* **Directions for this task**
A single stretch of the material below is to be transcribed exactly, starting at the line with "Christian Dior: The" and ending after the line with "Equestrian Gifts for Horse Lovers".

* **Available data**
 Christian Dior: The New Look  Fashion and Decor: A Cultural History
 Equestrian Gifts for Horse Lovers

* * *

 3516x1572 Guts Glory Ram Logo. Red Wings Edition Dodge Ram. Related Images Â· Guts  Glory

* **The answer**
 Christian Dior: The New Look  Fashion and Decor: A Cultural History
 Equestrian Gifts for Horse Lovers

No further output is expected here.